Was sind Einsatzeinheiten?
Veränderungen
der politischen Gegebenheiten in Europa (Ost-West-Entspannungsprozess,
Wiedervereinigung Deutschlands), begleitet von einschneidenden Änderungen
der politischen Vorgaben im Zivil- und Katastrophenschutzes, sowohl
finanziell als auch strukturell, und die insbesondere im Bereich des
Rettungsdienstes in den vergangenen Jahren veränderten
Hilfeleistungsstrukturen haben eine Anpassung des Leistungsangebotes des
Deutschen Roten Kreuzes erforderlich gemacht.
Die Größe der bisher bestehenden Einheiten
des Sanitäts- und Betreuungsdienstes des Katastrophenschutzes, ihre
langen Alarmierungszeiten und ihre stark auf den Zivilschutz abgestimmte
Ausstattung und Ausbildung haben dazu geführt, dass diese Einheiten bei
der Bewältigung von Schadensereignissen in den vergangenen Jahrzehnten
immer weniger zum Einsatz kamen.
Überlastete Rettungsdienste und Feuerwehren
bei größeren Schadensereignissen einerseits, und frustrierte,
demotivierte, weil nicht mehr gebrauchte Helferinnen und Helfer der
Hilfsorganisationen andererseits waren die Folge.
Die Gremien des Deutschen Roten Kreuzes haben
daher eine Umstrukturierung der Einheiten beschlossen. Ziel ist es, den
veränderten Anforderungen gerecht zu werden, die sich aus den
Schadensereignissen ergeben können, wie sie in einer modernen
Industriegesellschaft möglich sind.
Es werden multifunktionale Einsatzeinheiten (EE)
geschaffen, die bei Schadensereignissen jeder Größenordnung schnell und
flexibel in der Lage sind, abgestimmt auf die bereits bestehenden
Strukturen des Rettungsdienstes und der Feuerwehren, den betroffenen
Menschen gezielt zu helfen.
Was bringen Einsatzeinheiten?
Die direkte Anbindung der Sanitätsgruppe der
Einsatzeinheit an den Rettungsdienst sowie die zeitnahe Einbindung der
Betreuungsgruppe in die Hilfeleistung schließt die bisher vorhandene
Versorgungslücke zwischen dem Rettungsdienst und dem Katastrophenschutz.
Durch die multifunktionale Struktur der
Einsatzeinheit mit ihrer Ausstattung und der Ausbildung des Personals ist
das DRK jederzeit in der Lage, den Rettungsdienst bei der Versorgung von
Verletzten und Kranken wirkungsvoll zu unterstützen, zu ergänzen und
ggf. abzulösen. Die von einem Schadensereignis betroffenen, aber
unverletzten Menschen werden betreut und versorgt. Je nach Schadenlage
unterstützen sich die Sanitäts- und Betreuungsgruppe gegenseitig bei der
Aufgabenerfüllung.
Technisch ausgebildetes Fachpersonal mit
entsprechender Ausbildung ergänzt und unterstützt die Sanitäts- und
Betreuungsgruppe in ihren Aufgaben.
Die DRK-Einsatzeinheit kann sowohl als
komplette Einheit, als auch in Fachgruppen eingesetzt werden.
Personalstärke und Ausstattung
Die Personalstärke der Einsatzeinheit beträgt
33 Einsatzkräfte.
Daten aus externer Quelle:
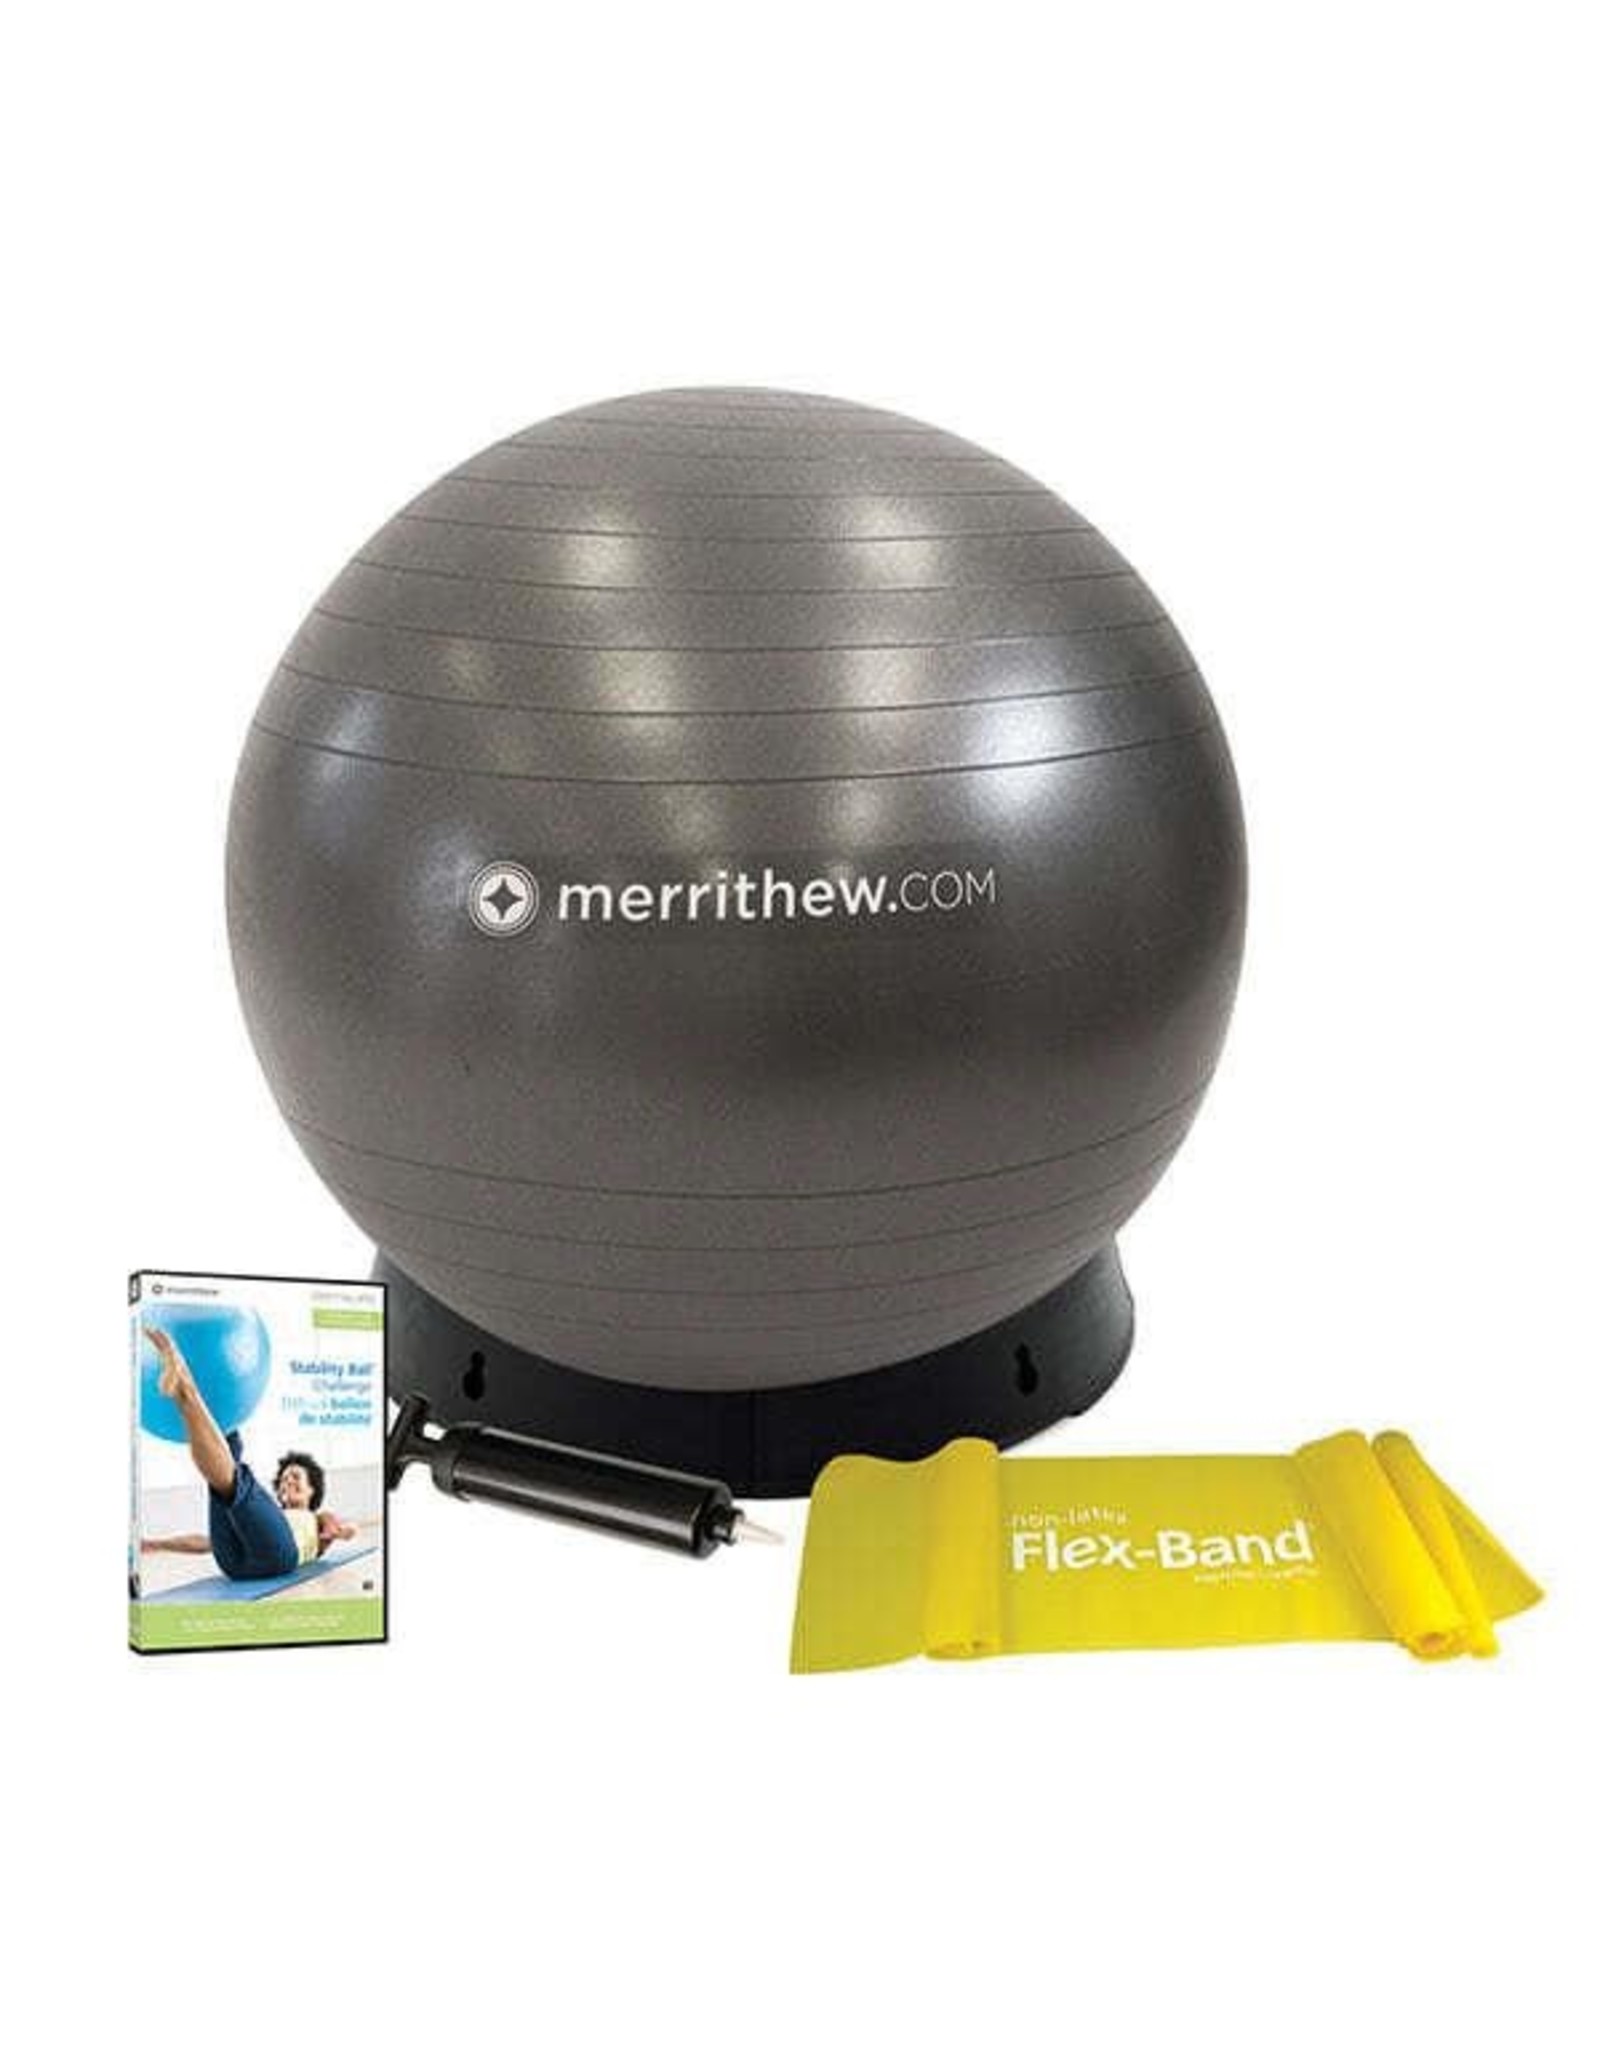 MERRITHEW Stability Ball with Base Bundle

Zu jeder Einsatzeinheit gehört ein Arzt. Der Arzt muss
die Qualifikation zum Notarzt ("Fachkundenachweis
Rettungsdienst") besitzen. Eine personelle Zweitbesetzung der
Einsatzeinheit ist mindestens zu gewährleisten.
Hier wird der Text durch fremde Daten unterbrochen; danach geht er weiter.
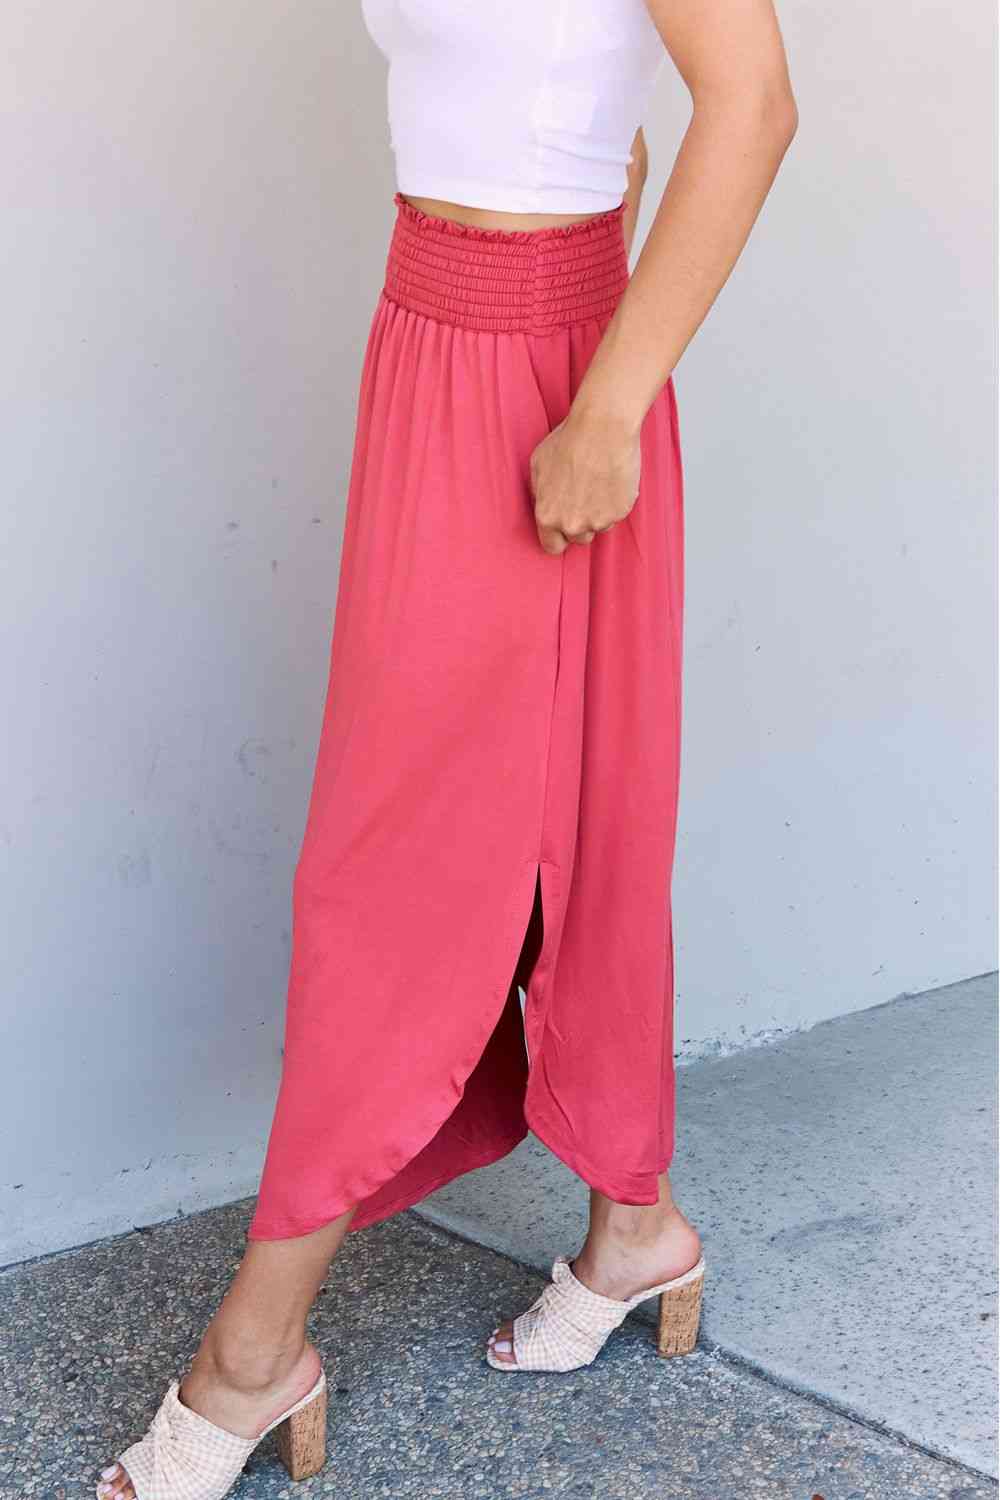 Doublju Comfort Princess Full Size High Waist Scoop Hem Maxi Skirt in Hot Pink - Just Enuff Sexy

Untersuchungen von Schadensereignissen
unterhalb der Katastrophenschutzschwelle in den vergangenen Jahren haben
gezeigt, dass es in kürzester Zeit zu einer großen Zahl hilfebedürftiger
-verletzter und unverletzter- Personen kommt. Der Rettungsdienst
konzentriert sich vorrangig auf die Versorgung von Notfallpatienten und
deren Transport in die Kliniken.
Da der Rettungsdienst prinzipiell
(entsprechend der DIN) für den individuellen Notfall ausgestattet ist,
reicht die Ausstattung eines RTW oder KTW in der Regel nur für die
Versorgung eines Notfallpatienten aus. Insbesondere mangelt es bei einem
Massenanfall von Verletzten an Material, wie Tragen, Decken, Infusionen,
Medikamenten, Ruhigstellungsmaterial und Sauerstoff. Außerdem verfügt
der Rettungsdienst über keinerlei Möglichkeiten, bei schlechter
Witterung z.B. einen überdachten Verbandplatz (Zelt) oder bei Dunkelheit
Beleuchtung zu schaffen. Die Einsatzeinheit schließt diese Versorgungslücke.